Faktanya, kemampuan berpikir dan penalaran di Indonesia masih tergolong rendah. Hal ini dapat dibuktikan melalui hasil studi PISA tahun 2018 yang memposisikan Indonesia pada peringkat ke 74 alias peringkat keenam terbawah. PISA sendiri adalah program asesmen internasional yang mengukur prestasi di bidang kemampuan matematika, sains, dan literasi membaca. Merefleksi dari hasil perolehan tersebut, Indonesia masih banyak PR besar yang perlu diselesaikan, baik oleh pemerintah, guru, maupun bantuan orang tua peserta didik terkait pola pembelajaran dan pendidikan.
Keterampilan berpikir tingkat tinggi (higher order thinking skill) bukanlah suatu istilah yang baru dalam dunia pendidikan. Sejak dimunculkannya Kurikulum 2013, pola pembelajaran dengan menerapkan keterampilan berpikir tingkat tinggi terus digalakkan. Keterampilan berpikir tingkat tinggi atau lebih dikenal dengan HOTS adalah keterampilan dalam memahami dan menganalisis suatu permasalahan, yang didalamnya seseorang tidak hanya diminta untuk mengenali secara menyeluruh tentang masalah yang dihadapi, namun juga mampu menganalisis, memberikan argumen, dan sampai menciptakan solusi atau hasil dari permasalahan tersebut.

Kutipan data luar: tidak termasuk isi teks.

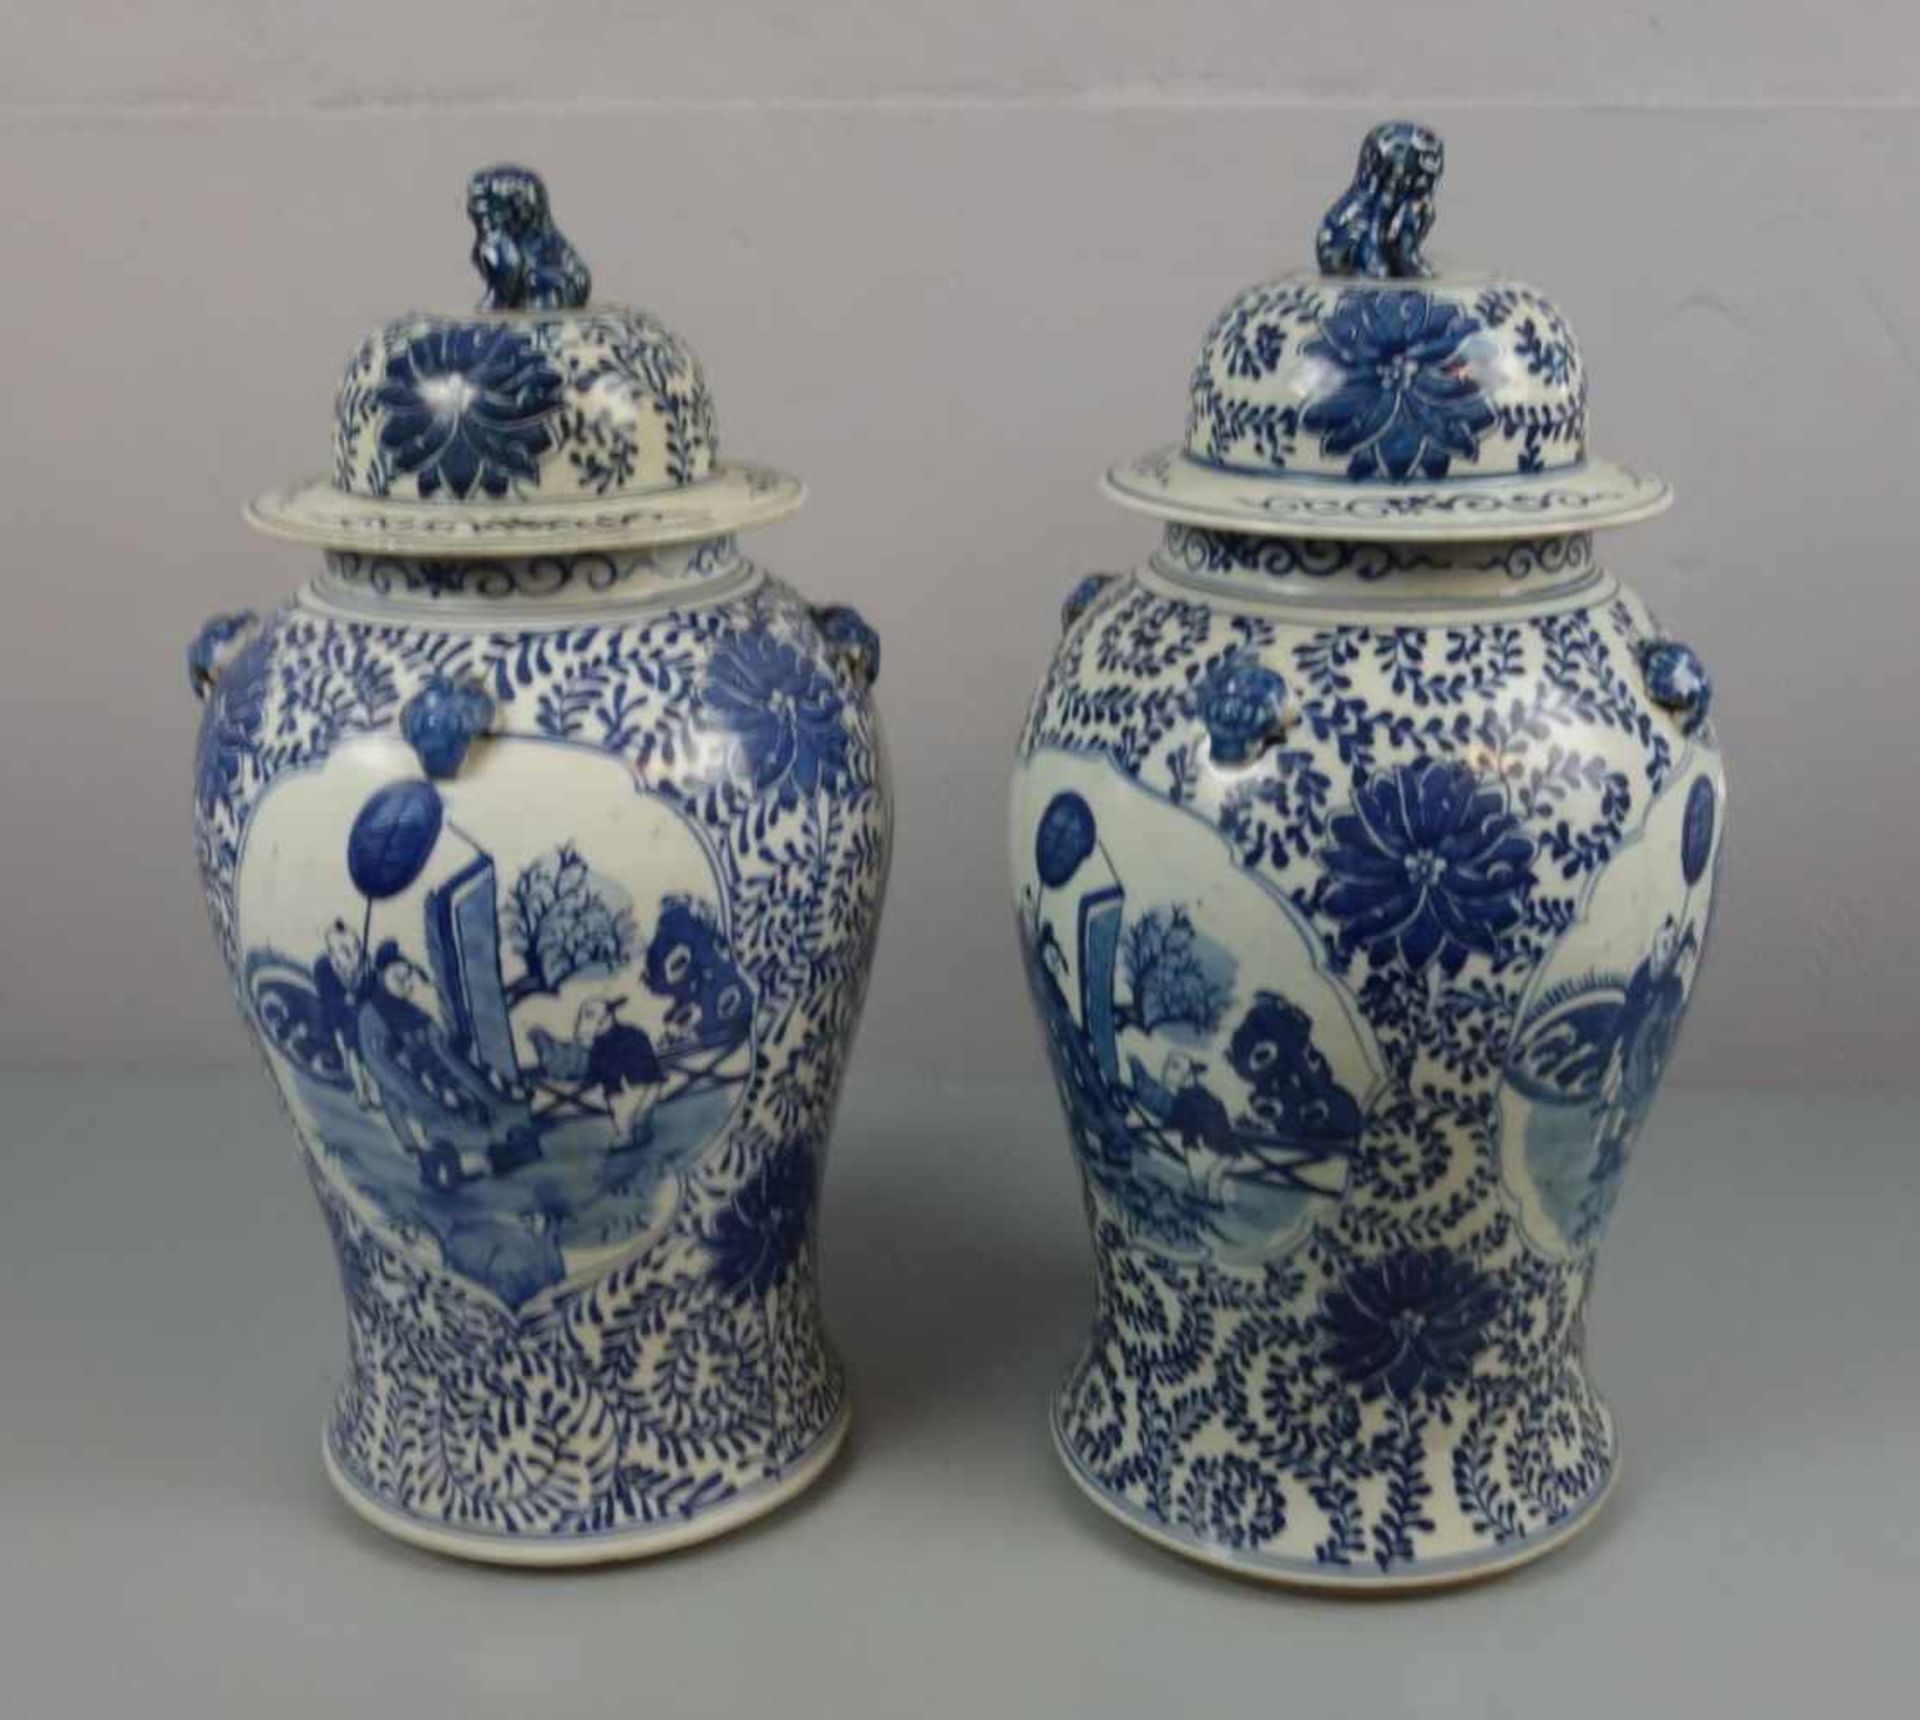 PAAR CHINESISCHE DECKELVASEN / pair of chinese vases, late Qing dynasty, Porzellan (ungemarkt), - Bild 3 aus 5

Penerapan pembelajaran berbasis HOTS biasanya dimunculkan dalam soal-soal tes. Perlu diketahui bahwa soal HOTS tidak melulu terkesan sulit dan berbelit. Berdasarkan dimensi ilmu pengetahuan, umumnya soal HOTS berada pada dimensi metakognitif, yakni dimensi yang merujuk pada tindakan dalam proses berpikir sampai pada penerapan keputusan dari hasil olah pikirnya. Dalam taksonomi Bloom, HOTS dapat dilihat dari kata kerja operasional mulai dari menganalisis, mengevaluasi, dan mencipta. Sedangkan kata kerja operasional tentang pengetahuan, pemahaman, dan aplikasi masih dianggap sebagai pola keterampilan berpikir tingkat rendah.

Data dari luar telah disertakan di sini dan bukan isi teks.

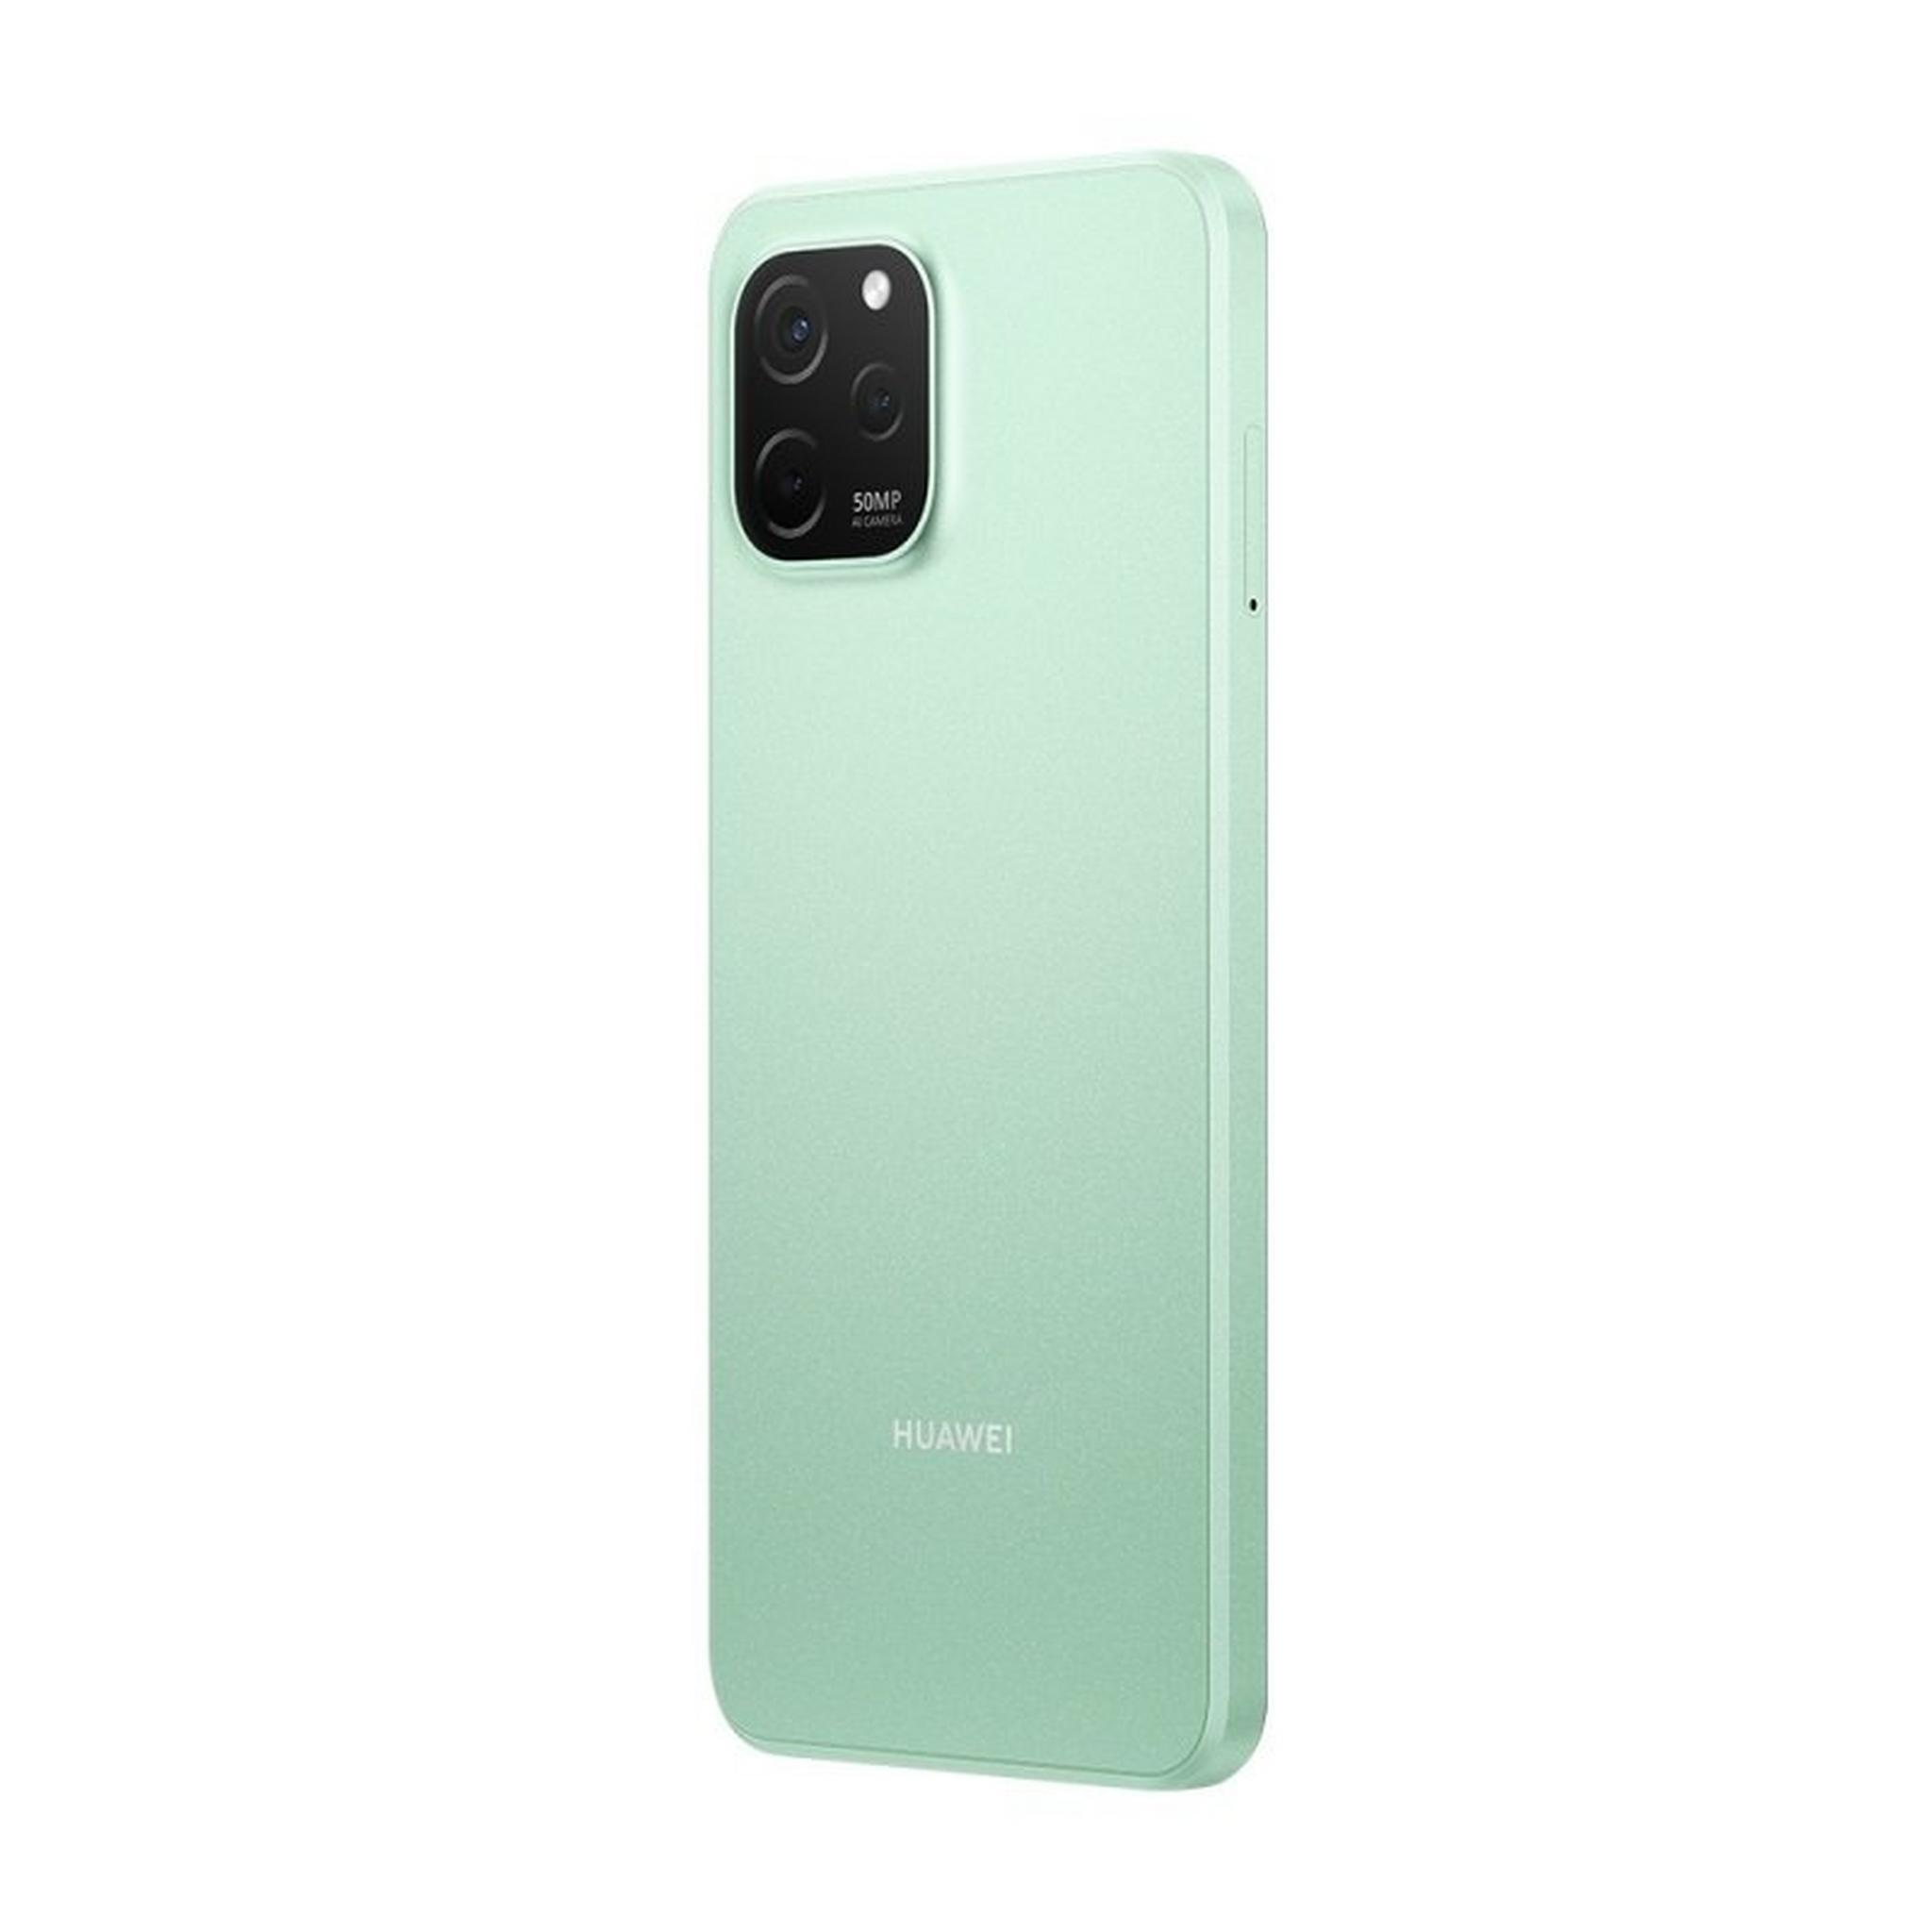 Huawei Nova Y61 64GB Phone - Mint Green

Penerapan HOTS sebenarnya tidak hanya dilihat dari variasi soal yang disajikan. HOTS juga dapat dilakukan dengan mengimplementasikan pembelajaran berbasis masalah yang merangsang peserta didik untuk dapat menganalisis permasalahan sampai menciptakan solusi permasalah dengan menghasilkan produk tertentu. Dalam Kurikulum Merdeka, penerapan HOTS ditampilkan pada penekanan model pembelajaran berbasis masalah (problem-based learning) dan pembelajaran berbasis proyek (project-based learning). Kedua model tersebut memiliki langkah kegiatan yang menuntut peserta didik dapat terampil dalam penyelesaian masalah.

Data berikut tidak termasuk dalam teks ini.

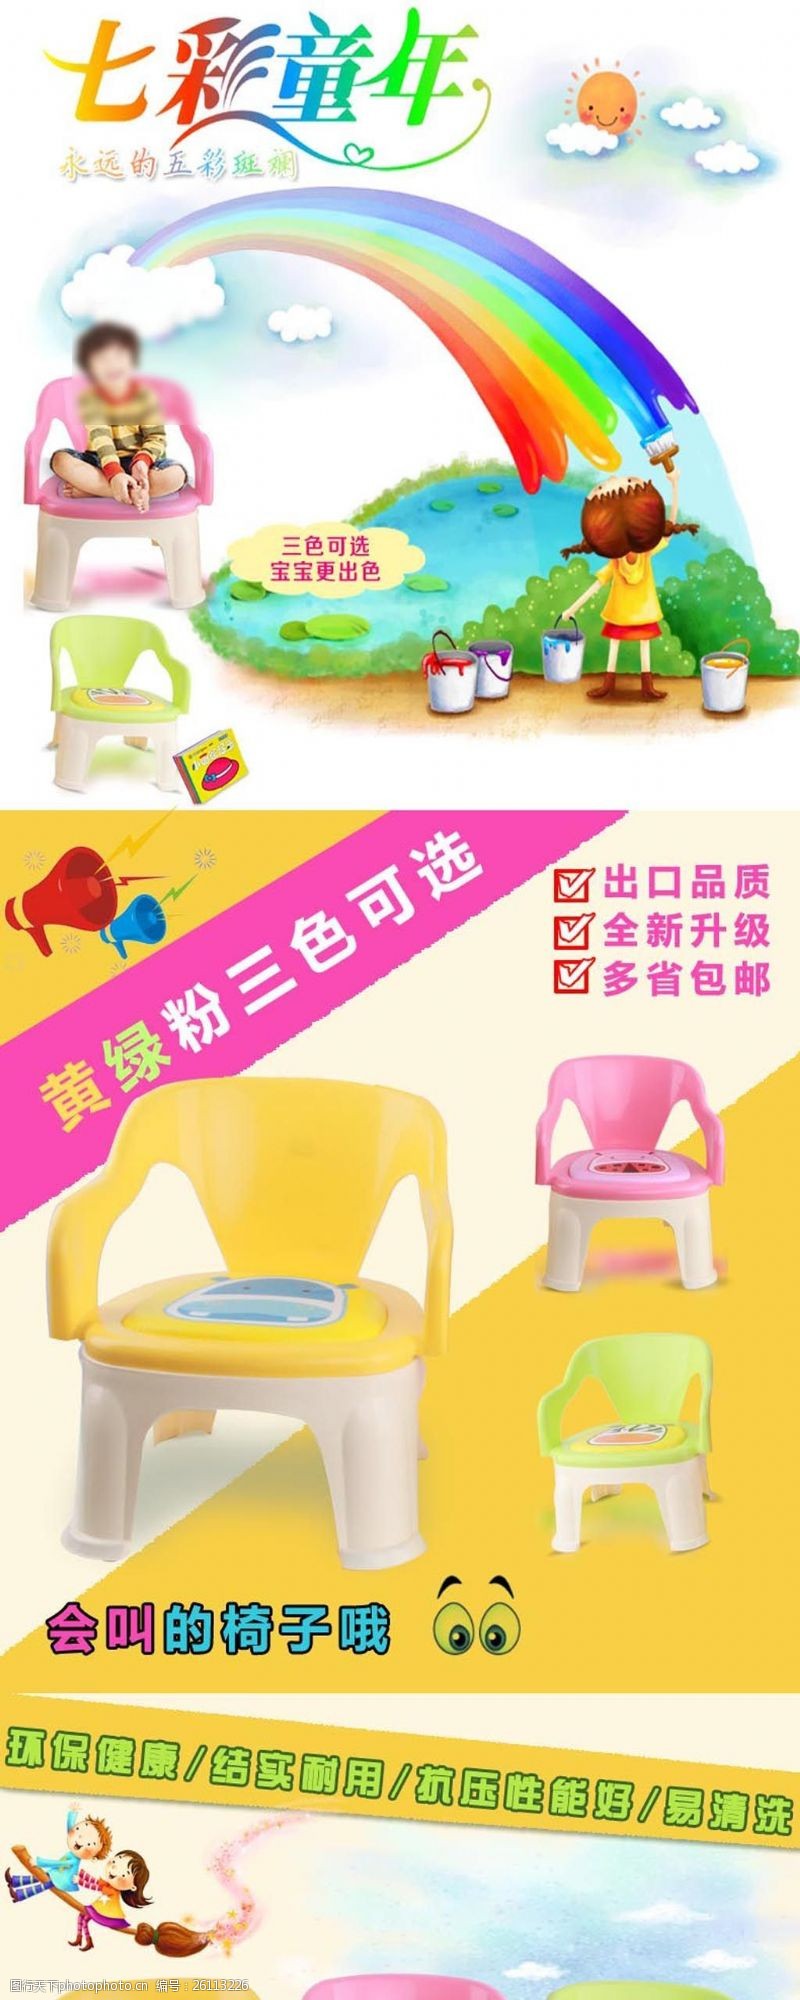 母婴用品小凳子产品展示详情设计图片

Model pembelajaran berbasis masalah terdiri dari langkah 1) orientasi masalah; 2) mengorganisasikan peserta didik untuk belajar; 3) membimbing kelompok; 4) menyajikan hasil diskusi; dan 5) mengevaluasi proses pemecahan masalah. Berbeda dengan model pembelajaran berbasis masalah, model pembelajaran berbasis proyek menitikberatkan pada langkah penentuan proyek dengan mencari tema, merancang dan memproses aktivitas kegiatan proyek, dan menyelesaikannya. Selain mempelajari tentang pemahaman konsep dan menerapkan konsep tersebut, peserta didik mampu mengembangkan kemampuan berpikir kritis dan kreatifnya dalam penyelesaian masalah melalui aktivitas yang dikembangkan dalam pembelajaran. Selain itu, kolaborasi dan komunikasi juga dapat muncul melalui kegiatan diskusi dan berkelompok dalam penyelesaian masalah.
Pembelajaran berbasis masalah dan proyek dapat mendukung tercapainya keterampilan abad-21 dengan melatih kemampuan pemecahan masalah, baik secara kelompok maupun individu. Tersedianya masalah kontekstual memfasilitasi peserta didik untuk dapat menganalisis kemungkinan-kemungkinan pemecahan masalah dengan menyusun argumen yang menguatkan penyelesaian masalah tersebut. Peran guru sebagai fasilitator perlu memastikan terpenuhinya kebutuhan dan sarana prasarana yang dibutuhkan peserta didik agar proses belajar dapat dilaksanakan secara efektif.